Страница 21 из 98
Я повернулся туда.
— Пусть он встанет и сам назовет. Пусть встанет, раз такой смелый! Они знают, о ком я говорю. Думаю, что после этого публичного предупреждения прекратят вредные разговоры. А если не прекратят, то на следующем собрании назову имена.
Казарма, точно рой пчел, растревоженно загудела. И не поймешь, то ли осуждающе, то ли одобрительно. Елиферий встал из-за стола.
— Спокойно, спокойно, товарищи! Продолжаем работу!
— У нас любят говорить о перестройке. Даже здесь говорили. Но как проходит она у нас?.. Да никак!
— Правильно!..
— Многие понимают под ней не укрепление справедливости и гласности, а ослабление дисциплины, очернение всего и всех. Перестраивать надо наши отношения друг с другом, свою службу, учебу, дисциплину. Пока что мы живем по законам стаи, а не дружного коллектива. Кто физически сильней и со связями, тот и командует.
— Правильно!..
— Вот только слышу, что офицеров-пьяниц стали выгонять. А то их особенно много было раньше, как рассказывал мой отец. И они резво росли, а тех, кто не пил, увольняли как не сработавшихся с коллективом!..

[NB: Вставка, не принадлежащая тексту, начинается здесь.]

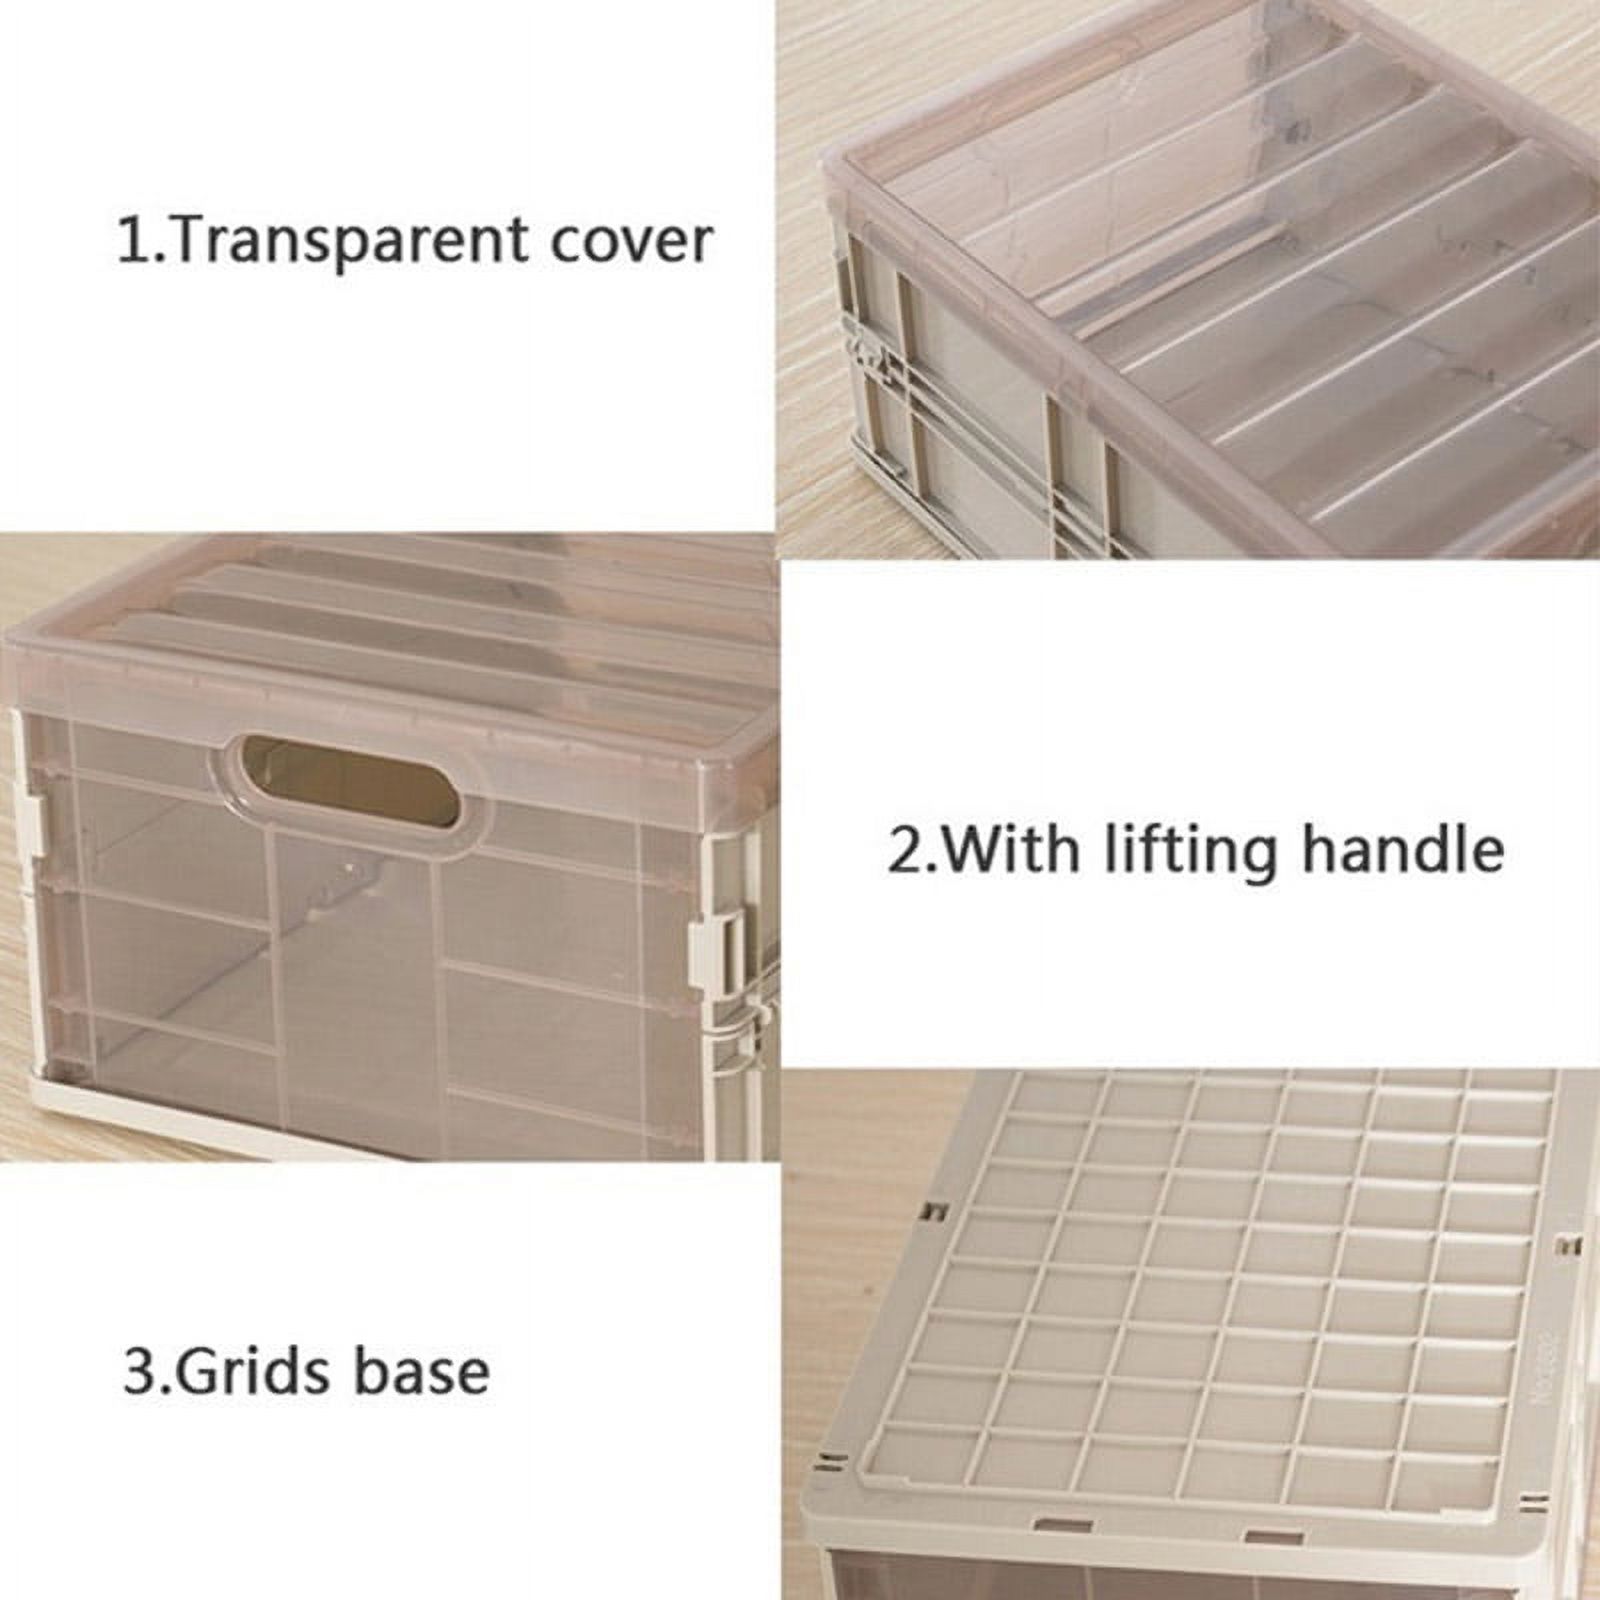 Foldable Plastic Storage Container Basket With Lid, Thickened Student Organizer Box, Simple Plastic Box, Storage Boxes Used for Wardrobe/Clothing/Books - image 5 of 8

Теперь покраснело начальство, заерзало на стульях. Умаркин, гмыкнув, не выдержал:
— Вы не уходите в сторону, говорите по существу.
— Пусть говорит! — снова возглас. — Интересно!
— А я и говорю по существу. Это надо знать всем нашим выпивохам, если хотят служить!.. Нас волнует не только сегодняшняя жизнь, но и будущая — офицерская! Хотя понимаю, что это не здесь надо говорить и не сейчас. Но тогда где… и когда?.. Разве справедливо, что почти все из нас, даже отличники, не попадут в академию, хотя и будут рваться туда, а вольнослушатели, благодаря связям, закончат ее уже через шесть лет!?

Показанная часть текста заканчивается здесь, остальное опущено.